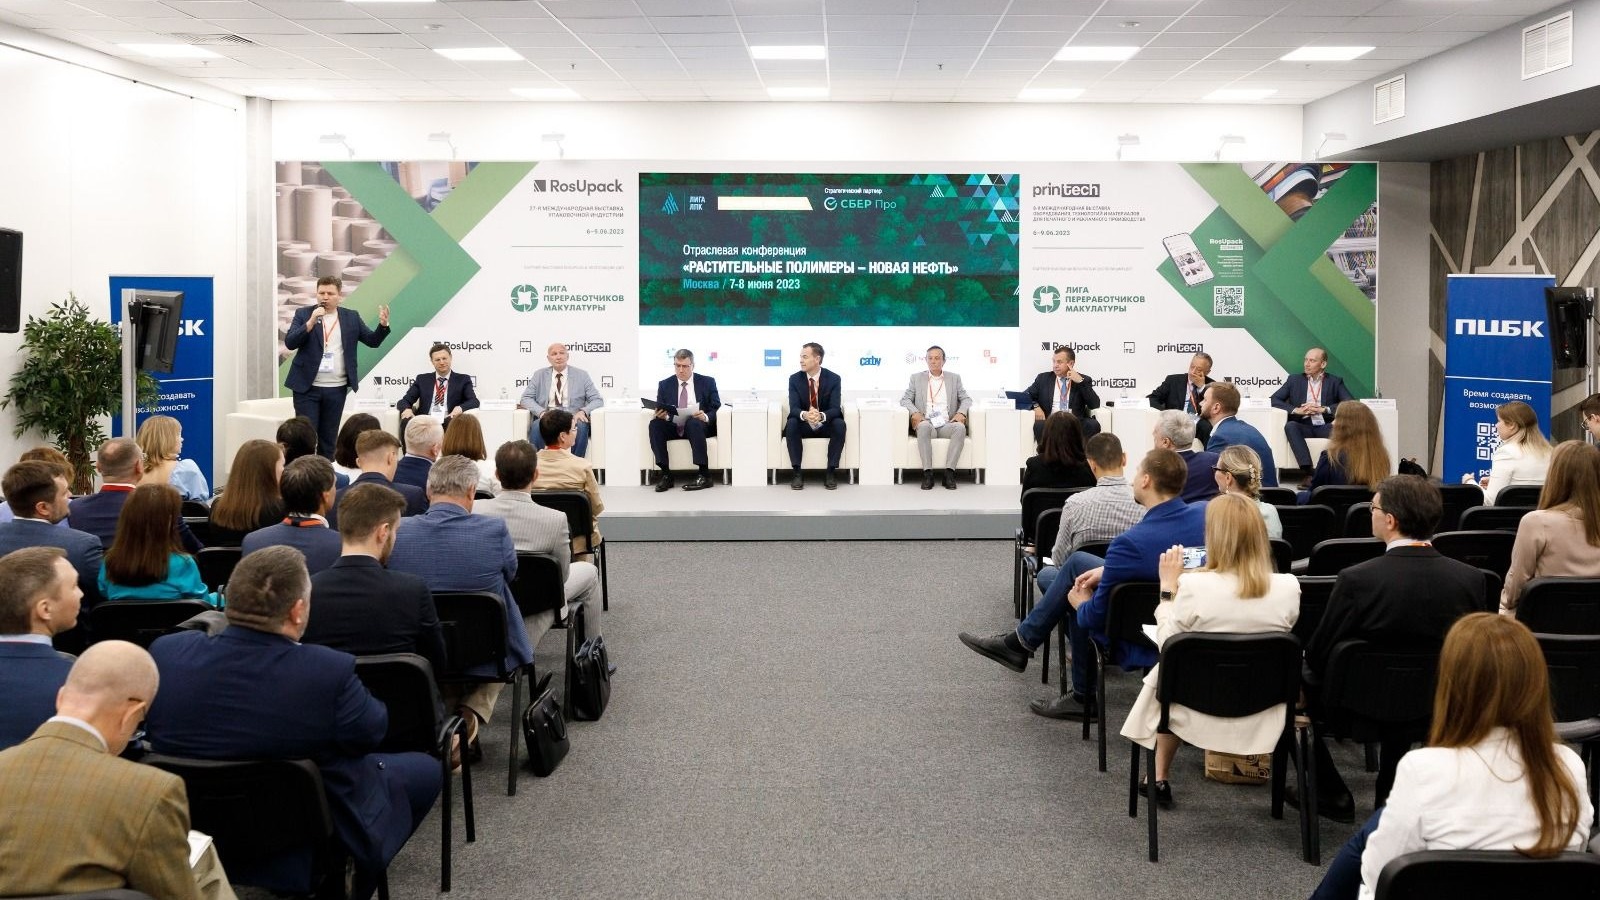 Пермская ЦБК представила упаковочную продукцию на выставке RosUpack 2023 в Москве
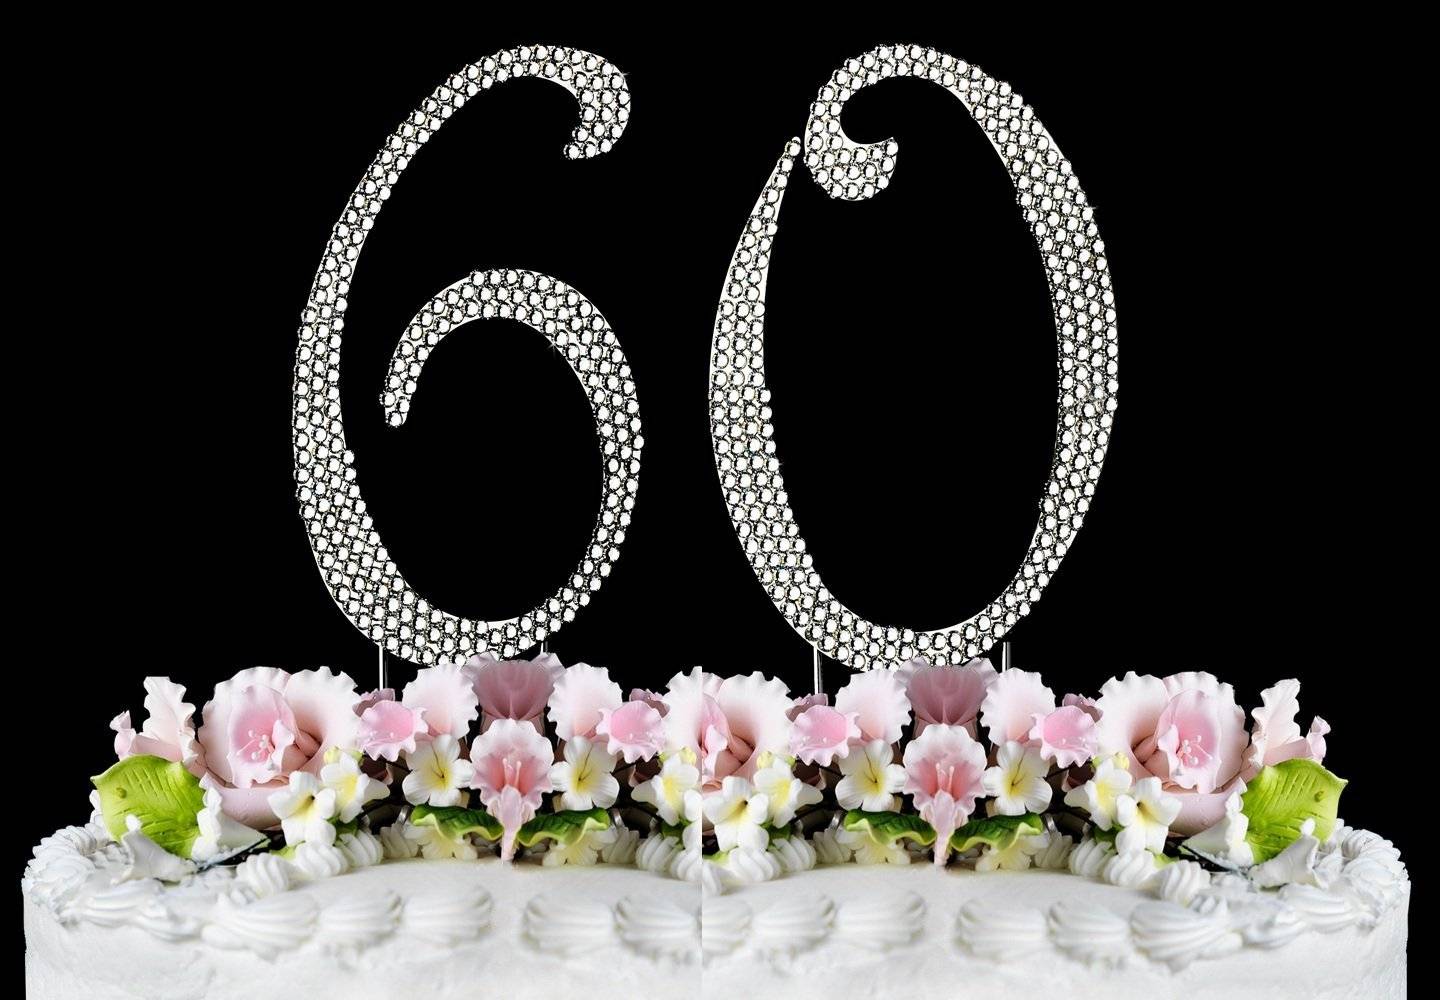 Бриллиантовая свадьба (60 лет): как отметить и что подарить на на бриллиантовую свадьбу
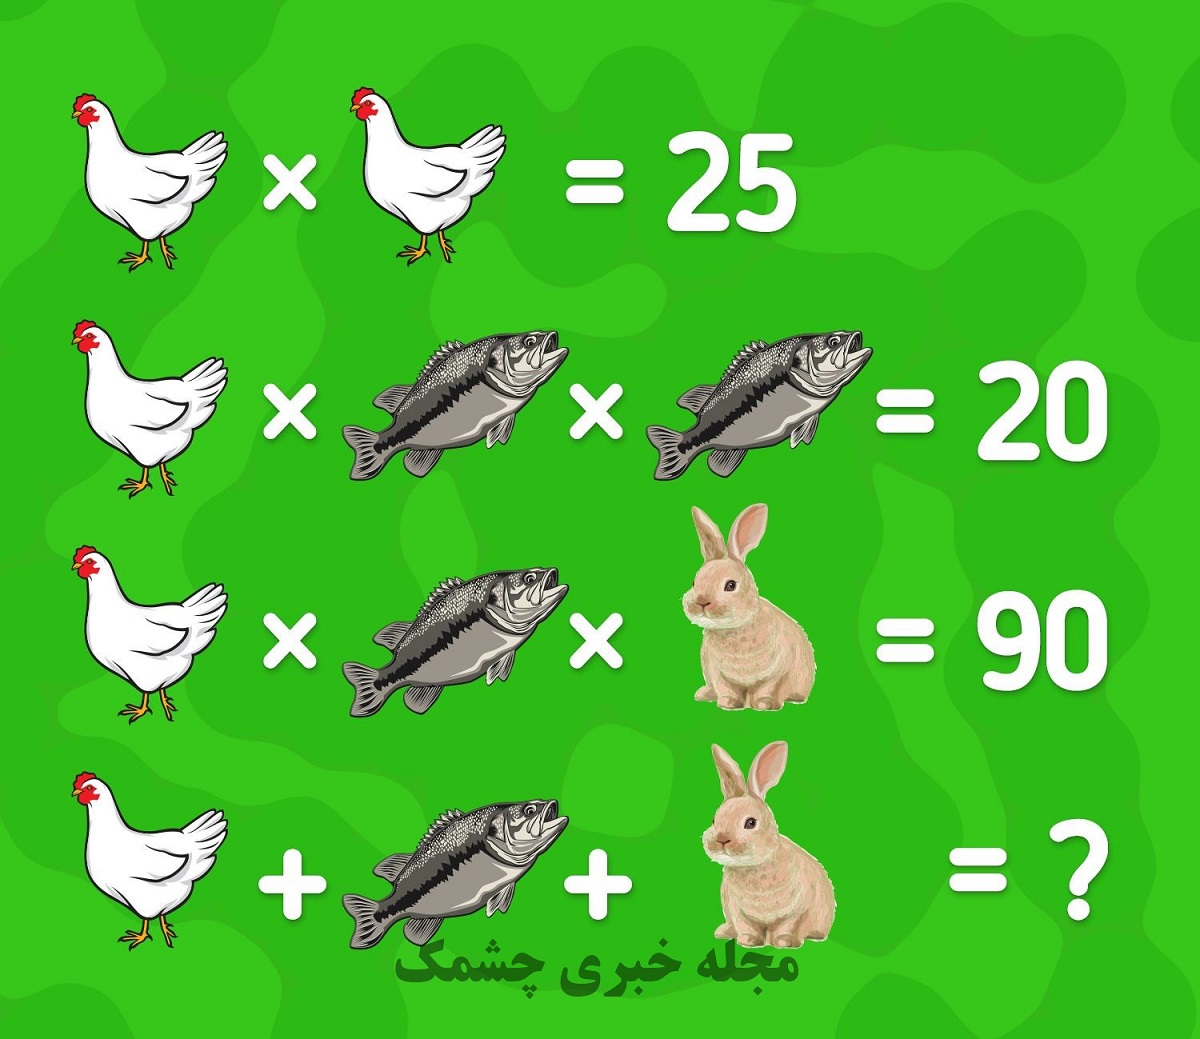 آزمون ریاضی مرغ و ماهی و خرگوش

### YOUR INSTRUCTIONS:
Everything in the data above, apart from the pictures, should be retyped exactly.

### EXERCISE OUTPUT:
 Пермская ЦБК представила упаковочную продукцию на выставке RosUpack 2023 в Москве
 Бриллиантовая свадьба (60 лет): как отметить и что подарить на на бриллиантовую свадьбу
 آزمون ریاضی مرغ و ماهی و خرگوش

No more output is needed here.